My mind races, because I’m not sure exactly what they expect from me at this point. Lia knows me too damn well. If I act too spineless, she’ll know I’m pulling one over on them.

 

I manage a drugged-looking smirk. “Only if they dig me up a hot tub and some decent liquor. And put a ban on that Enya shit you’re piping into the yoga room next door.”

 

She laughs. “I’ll see what I can do. Okay, have a look at this next series of pictures.”

 

I blink and force myself to relax, but my plans are running like a mantra through my head, because I know at any moment I’ll start to forget again. I have to fool them long enough to lull their suspicion.
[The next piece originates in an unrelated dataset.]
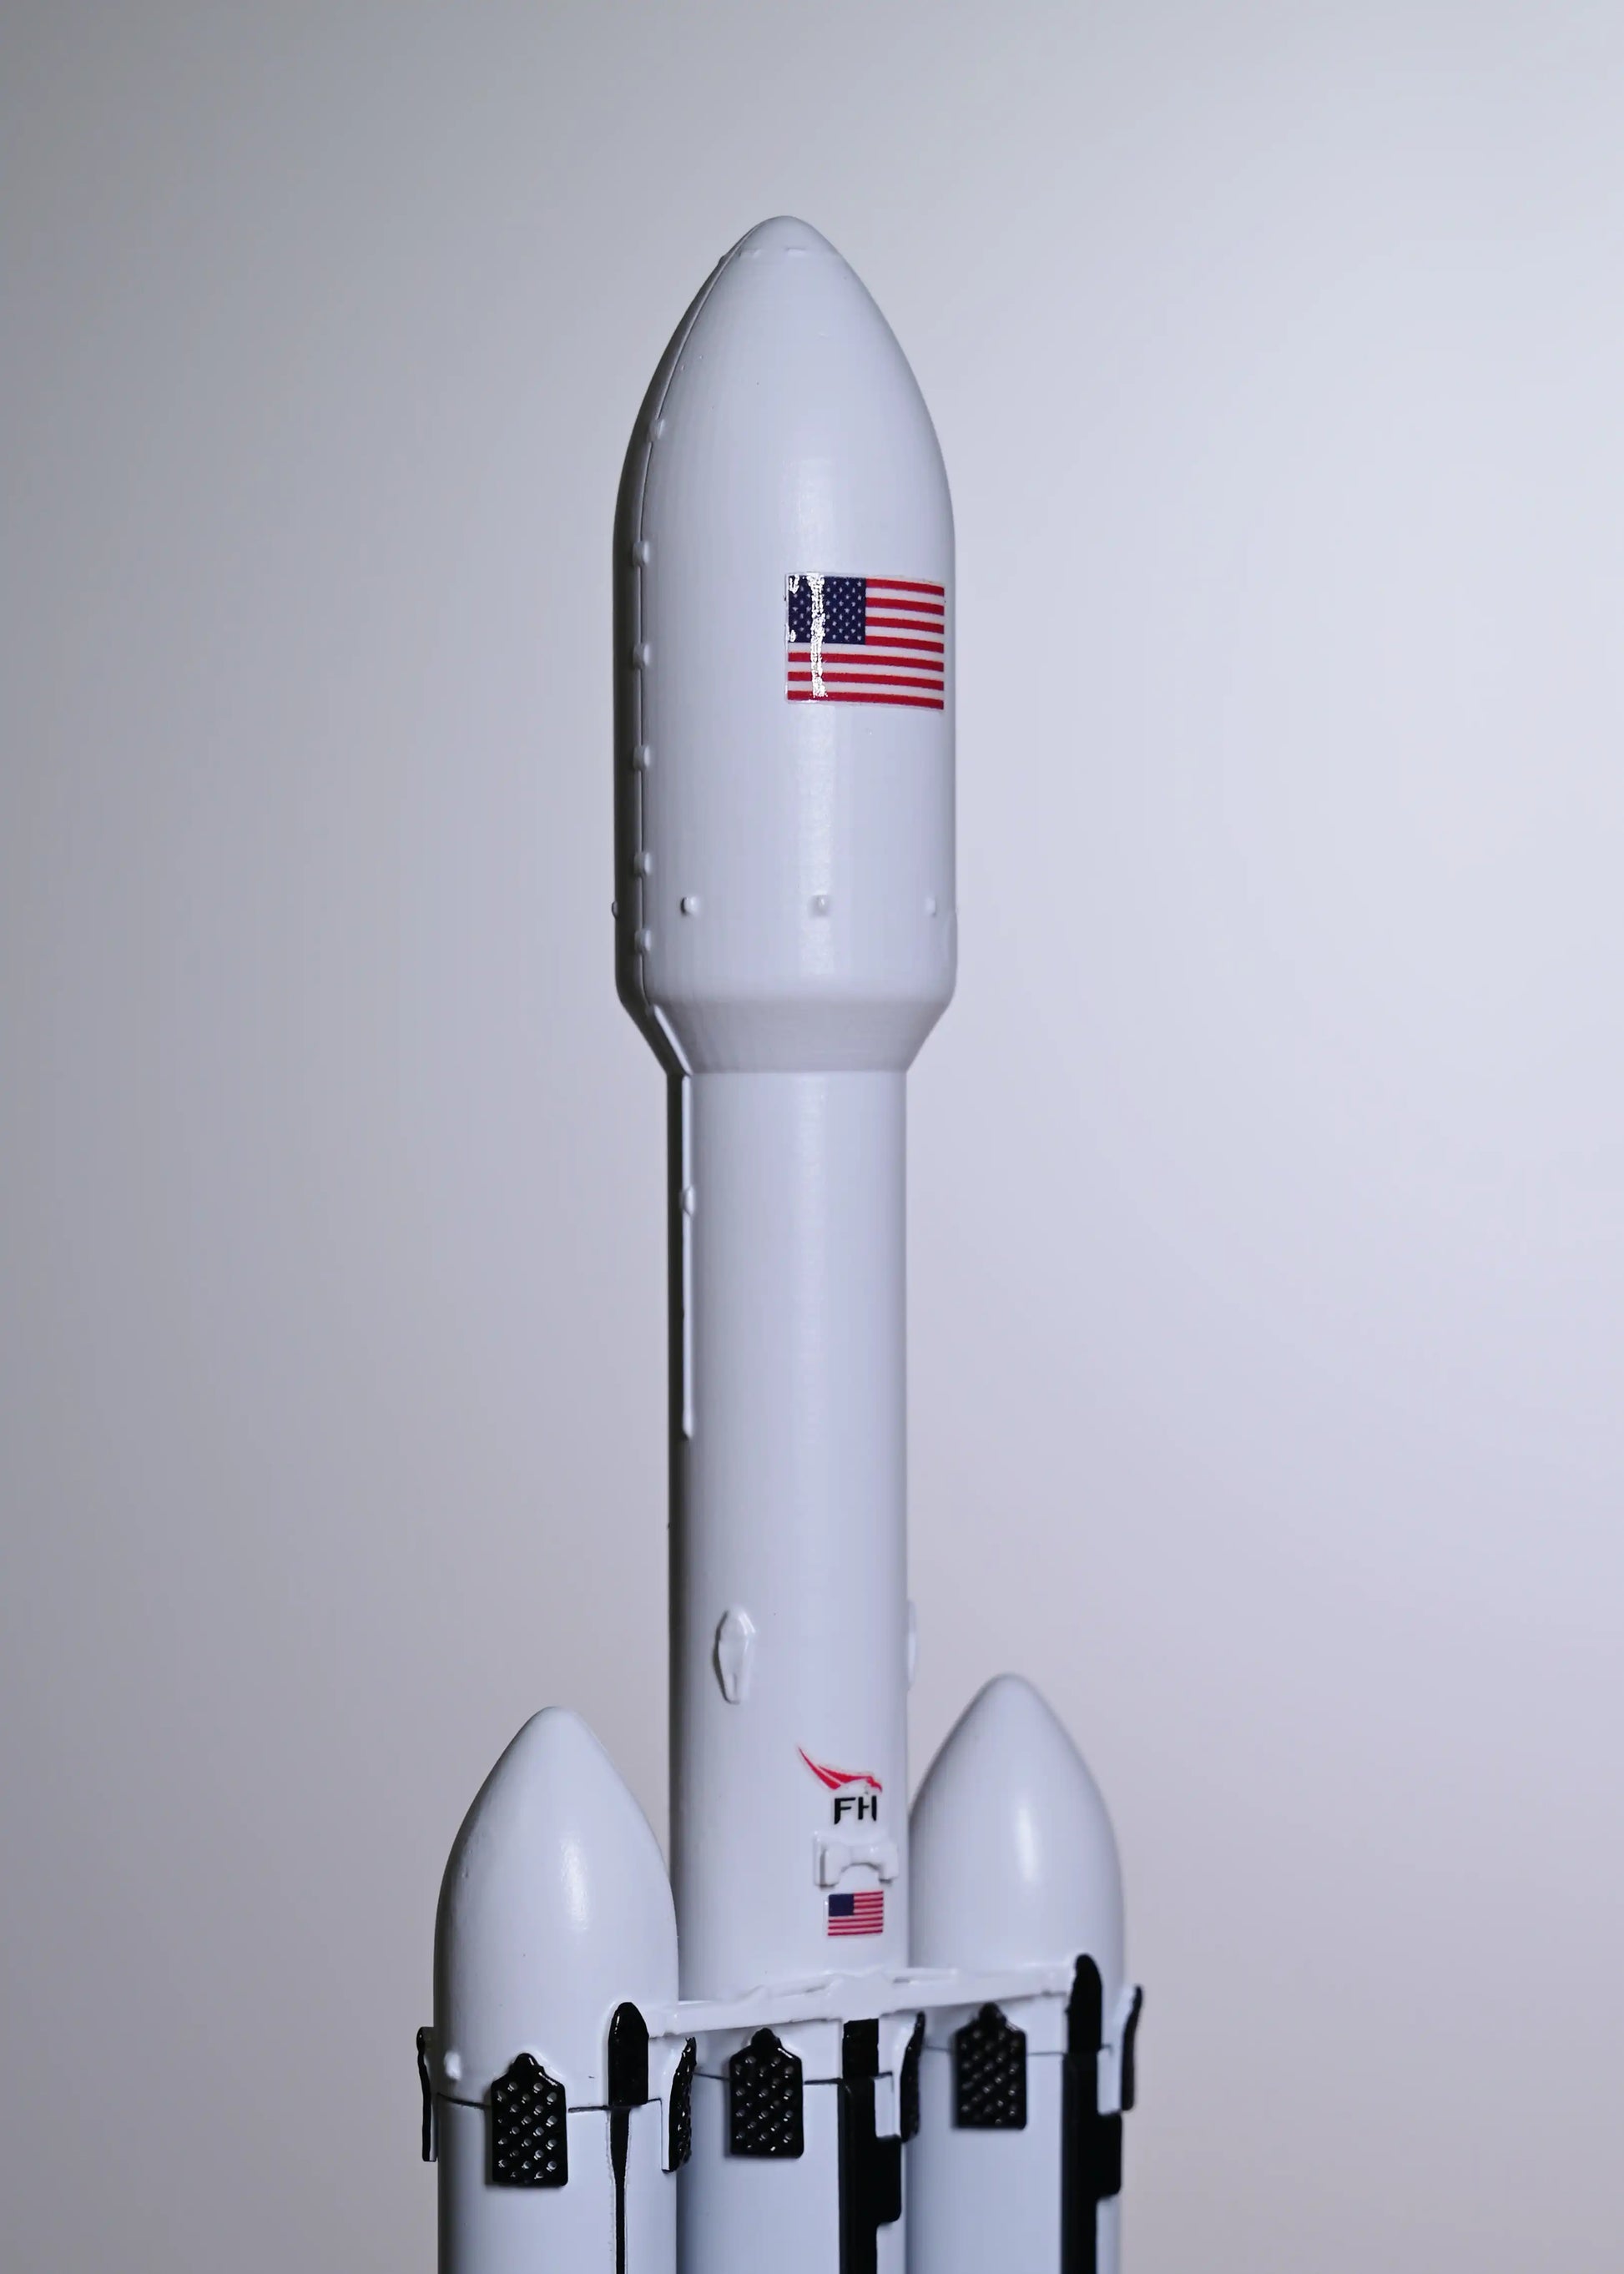 The main fairing with the US flag on the Falcon Heavy rocket

I have to get the keys to my cell and get out of here, I have to find Stefan and Elena. I have to get away from Lia. Or kill her.

 

I almost frown and then catch myself. Wait, which is the right plan? Was I going to kill her or leave her here? Was I going to take her with me so I could…so I could do what? Does Stefan want to talk to her?

 

Anger flashes through me. Screw Stefan. He’d never understand the friendship I have with Lia. He was so surprised when Ric and I started hanging out, like it was unbelievable that someone would want to be my friend.

 

Stefan doesn’t need me. He’ll be fine. He was getting better with controlling his bloodlust anyway.

 

When I leave here, Lia and I will just…wait, where was I going to take her? Does she know when we’re leaving? No, I don’t think I’ve told her yet. Because I need to escape and she wouldn’t like that. But I have to do it for Elena. Forget Stefan, Elena will still want to see me.

 

Except I’ve been gone for days. What if she’s written me off, moved on already? Maybe she and Stefan will have bonded over trying to find me, the way she and I once grew closer together over a long summer of searching for my brother.